Your task is to transcribe exactly, and only, the lines running from the one with "Autokauf-Checkliste für einen Gebrauchtwagen" to the end of the listing below, inclusive, with every picture left out.

● **Dataset content**
━━━━━━━━━━
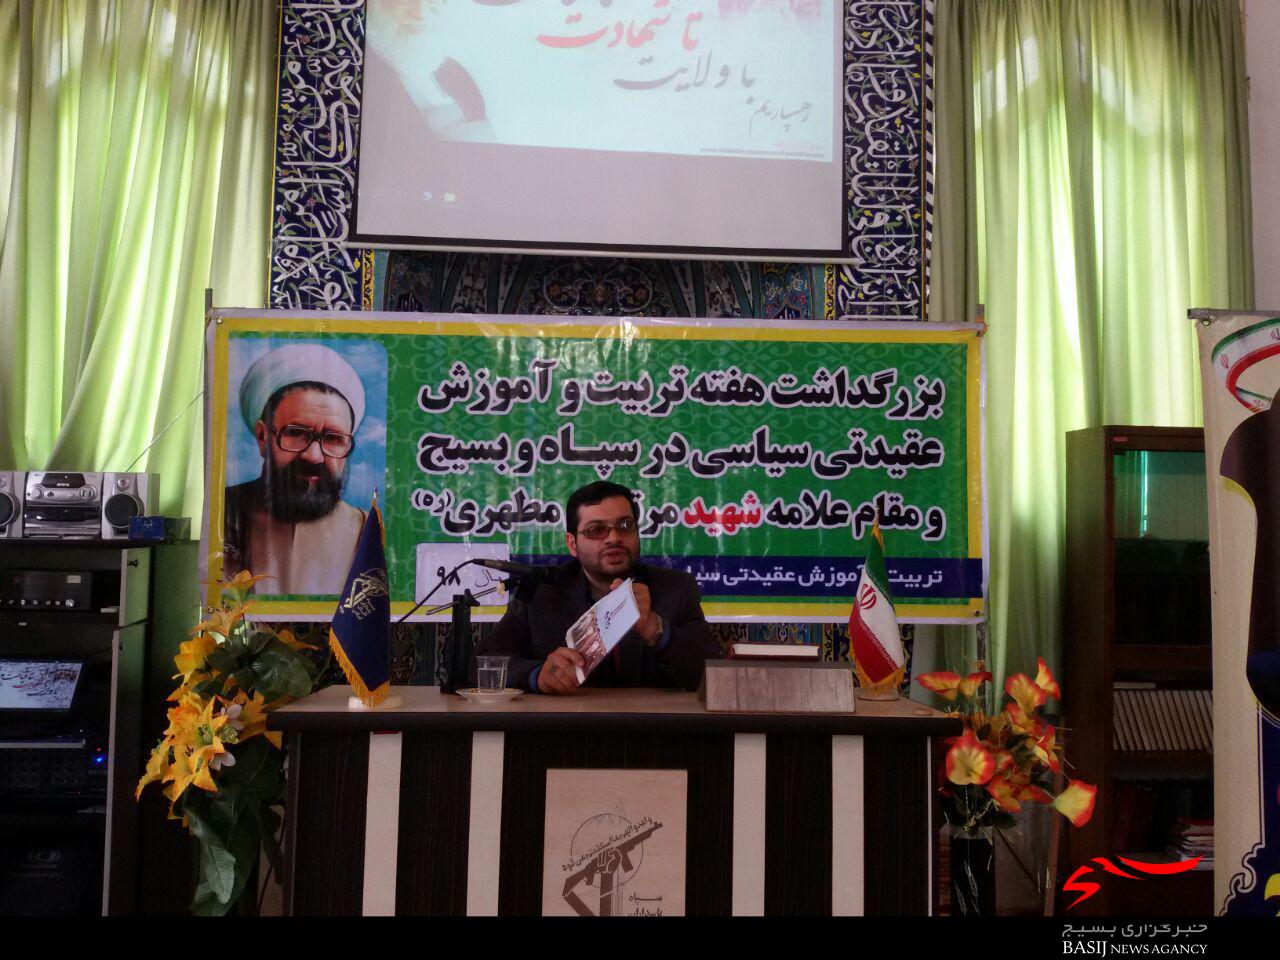 مراسم گرامیداشت روز عقیدتی سیاسی سپاه در لاهیجان برگزار شد + تصاویر
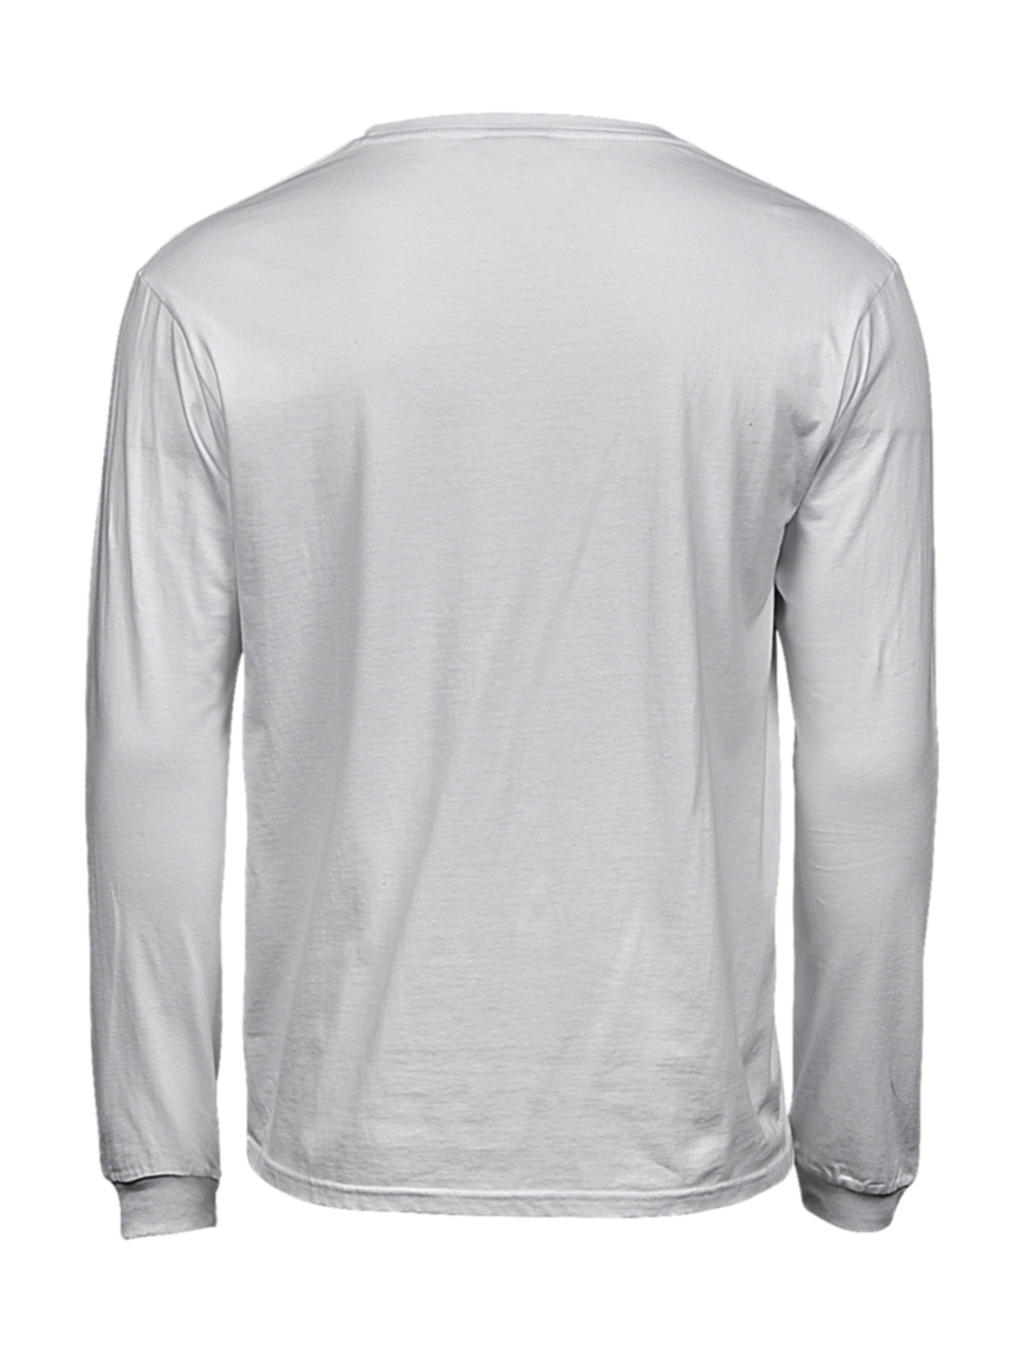 Moderné tričko s dlhými rukávmi Sof Tee - white
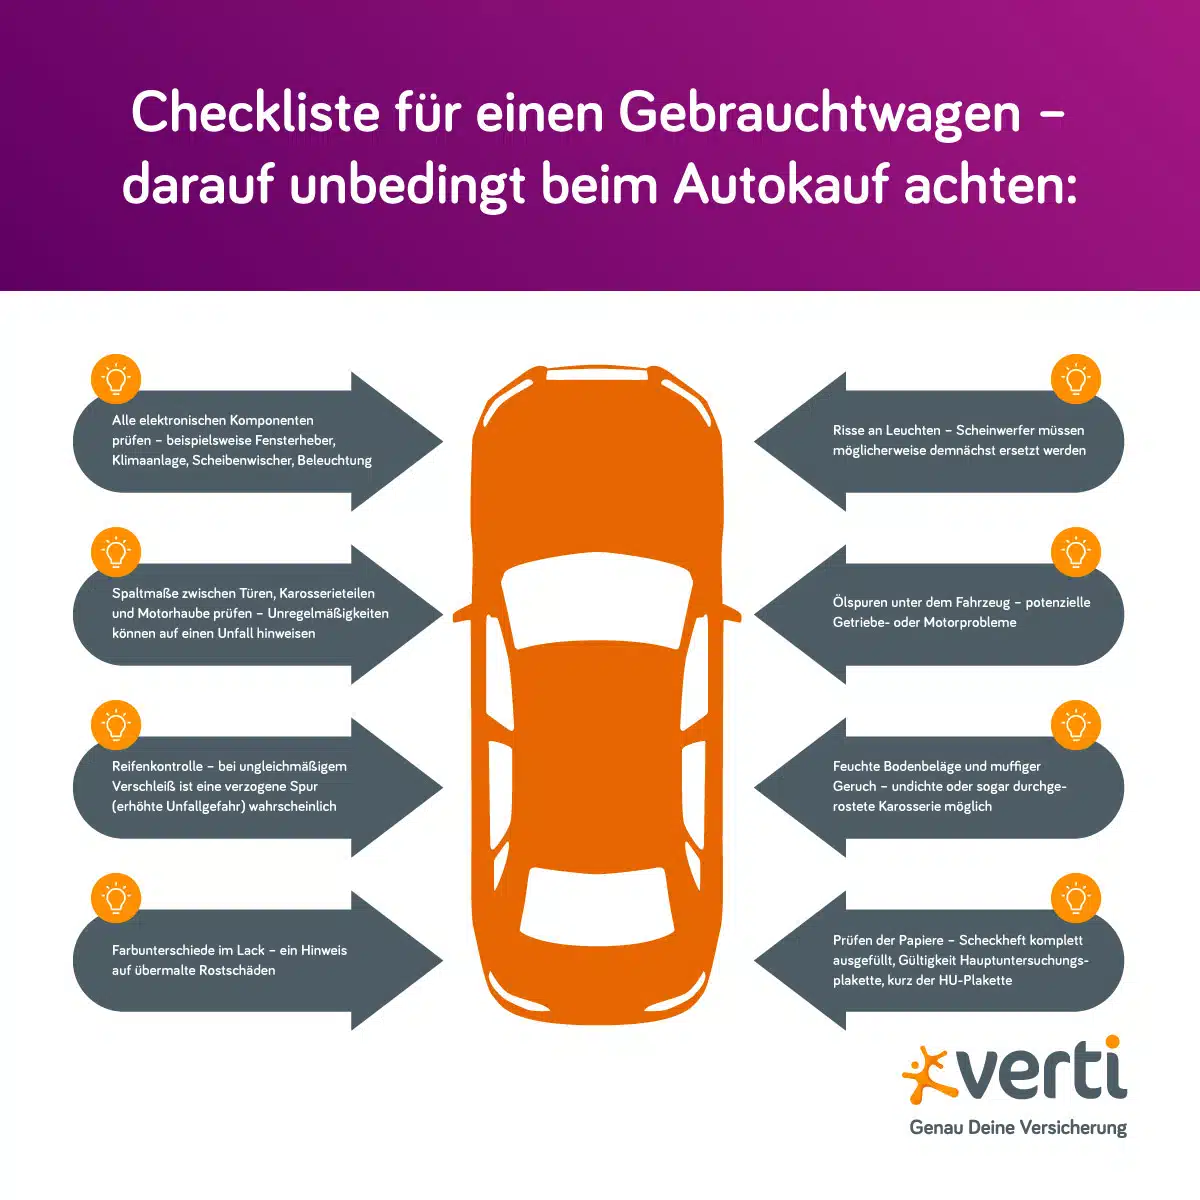 Autokauf-Checkliste für einen Gebrauchtwagen
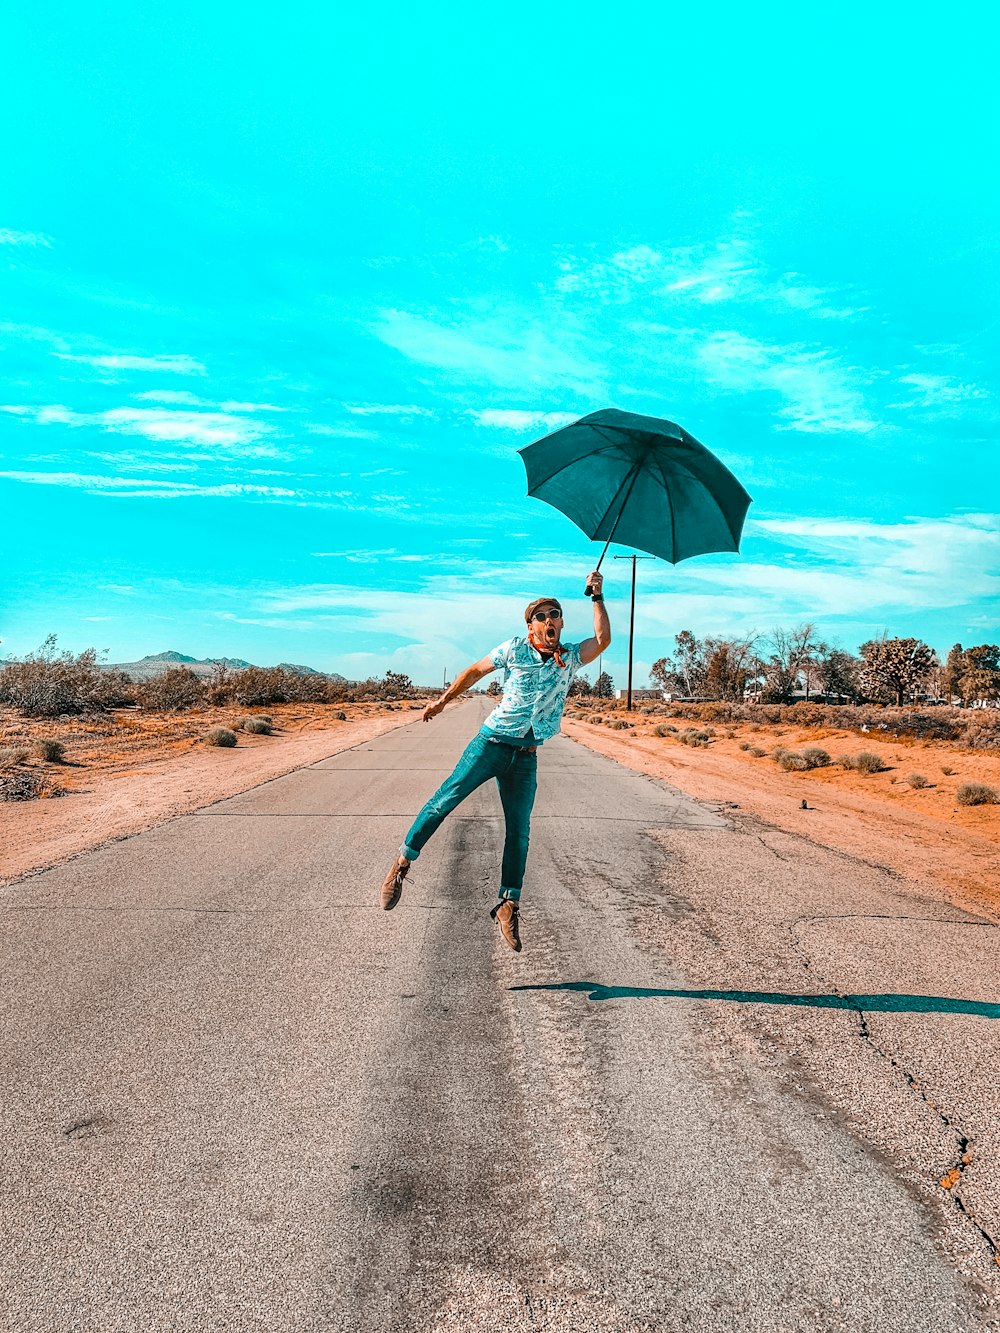 청록색 긴 소매 셔츠와 파란색 데님 청바지를 입은 여자가 우산을 들고 도로를 걷고 있다
━━━━━━━━━━
● **Solution to the exercise**
 Autokauf-Checkliste für einen Gebrauchtwagen
 청록색 긴 소매 셔츠와 파란색 데님 청바지를 입은 여자가 우산을 들고 도로를 걷고 있다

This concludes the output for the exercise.